Introduction

Several validated self-report instruments are currently available to assess anti-fat attitudes, fat stereotypes, and weight-related teasing [1, 2]. Recently, the importance of assessing internalized weight stigma (IWS), defined as “[…] the degree to which an obese person endorses weight-based negative stereotypes and attributes these to themselves (Durso et al., 2012)” [3, p. 240], was also highlighted. This led to the development of the Weight Self-Stigma Questionnaire (WSSQ) [4].

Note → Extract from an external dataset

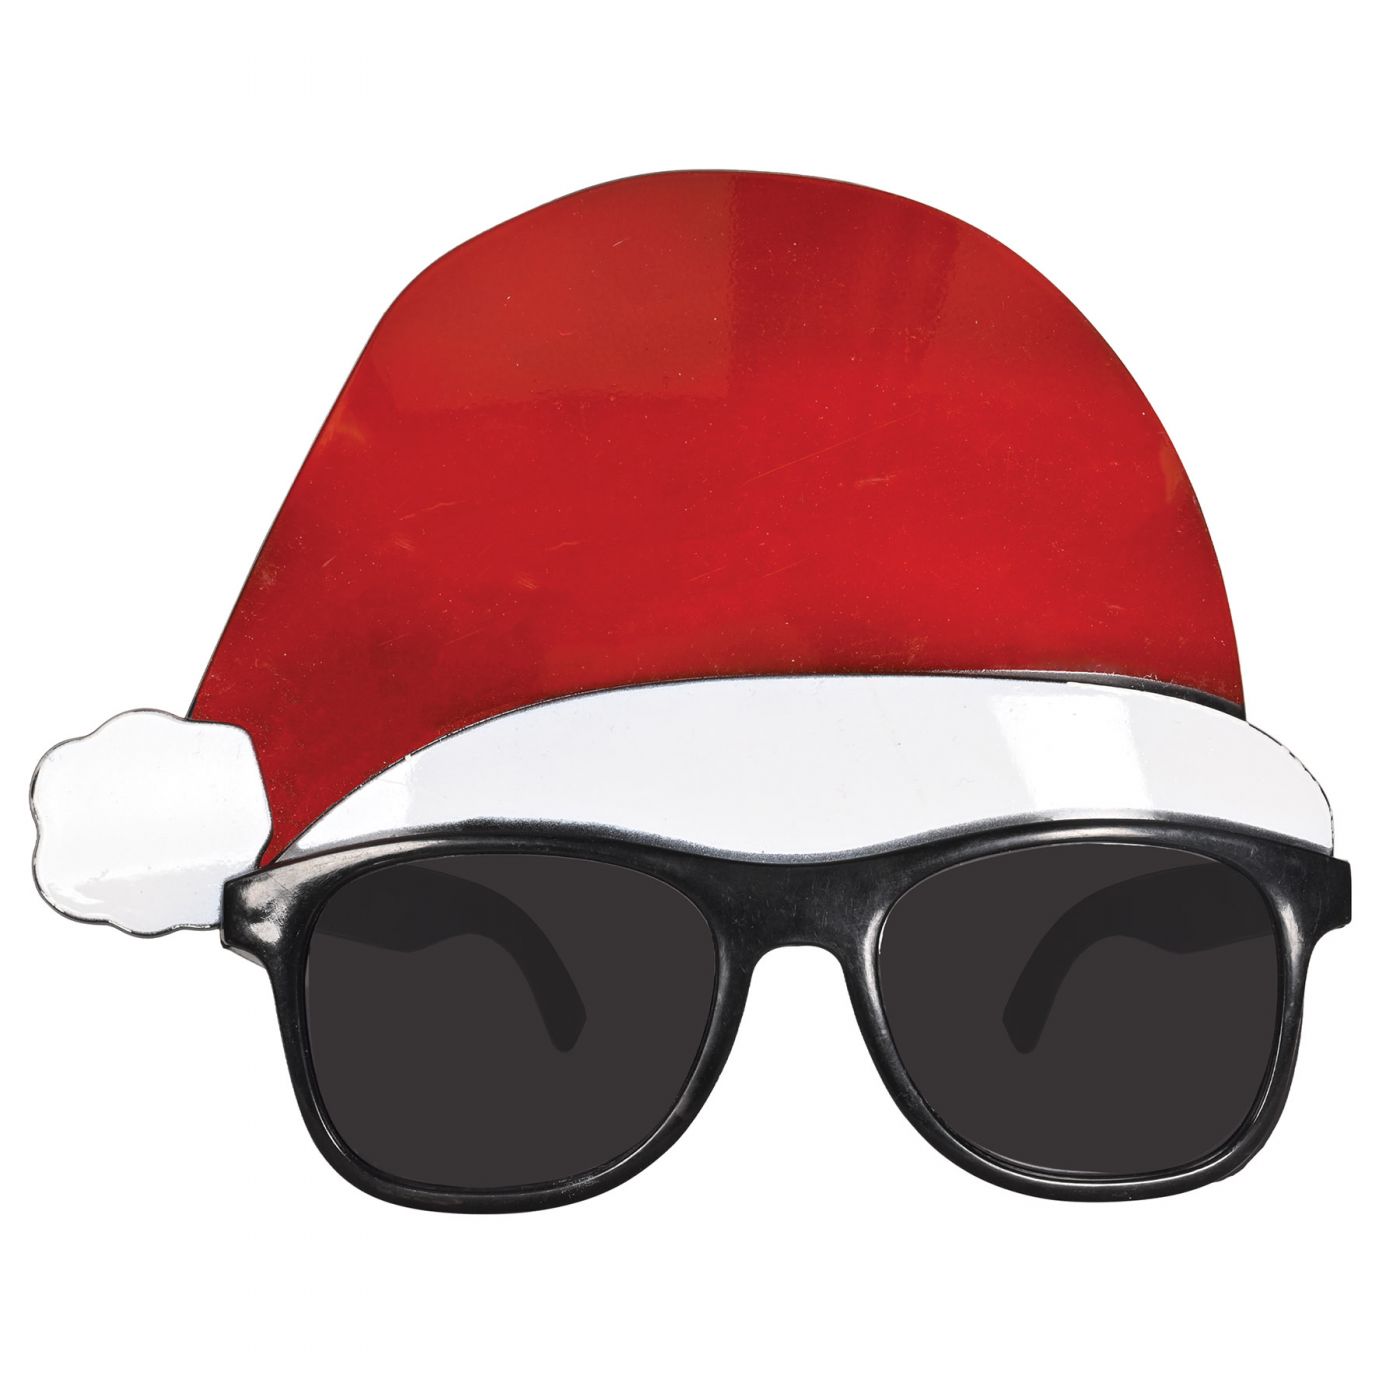 Santa Hat Glasses (6) image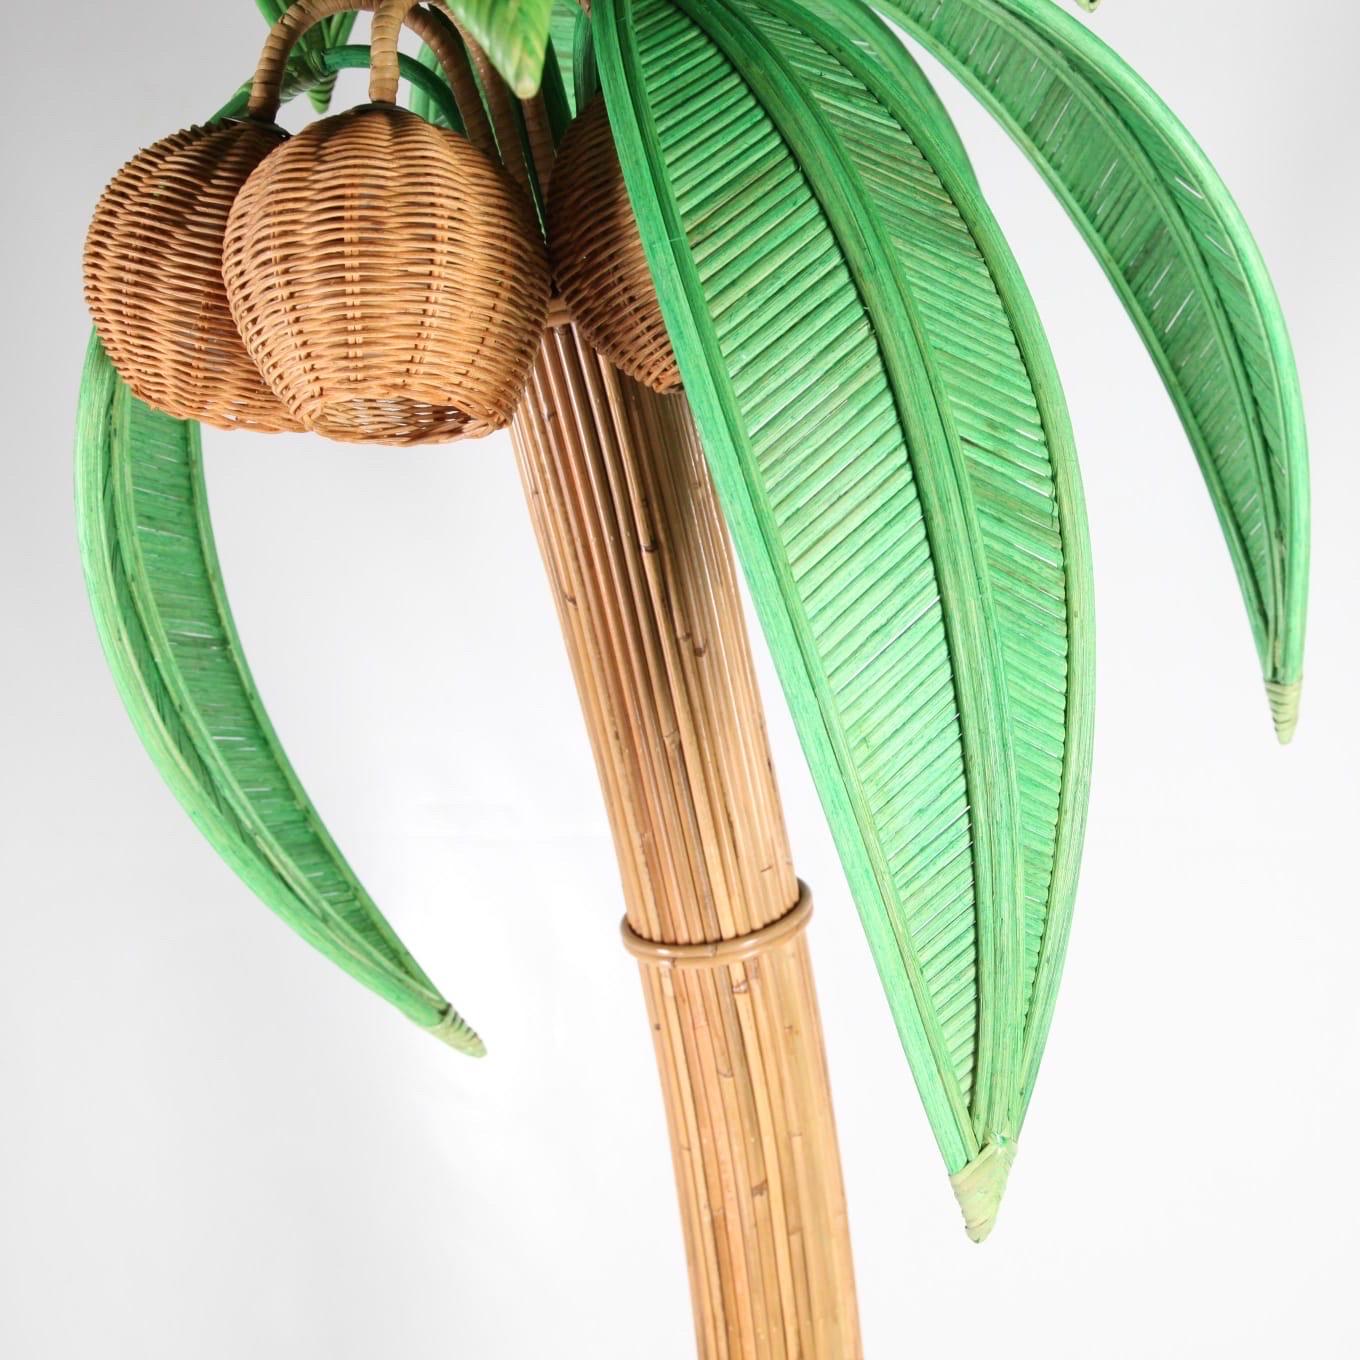 Rattan « coconut tree/palm tree » floor lamp For Sale 3

The psychometric properties of the WSSQ were examined in an American sample of 169 overweight and obese adults [4]. A principal component analysis with varimax rotation suggested a two-factor model encompassing self-devaluation (self-depreciation and weight-related shame) and fear of enacted stigma (fear of enacted stigma and weight discrimination). Subsequent analyses revealed acceptable scale score reliability (α = 0.81 and 0.87) and test–retest reliability (r = 0.62 and 0.80) for both subscales, as well as significant relations between the WSSQ subscales and measures of disordered eating, general experiential avoidance, quality of life, psychological distress, and attitudes toward obese people.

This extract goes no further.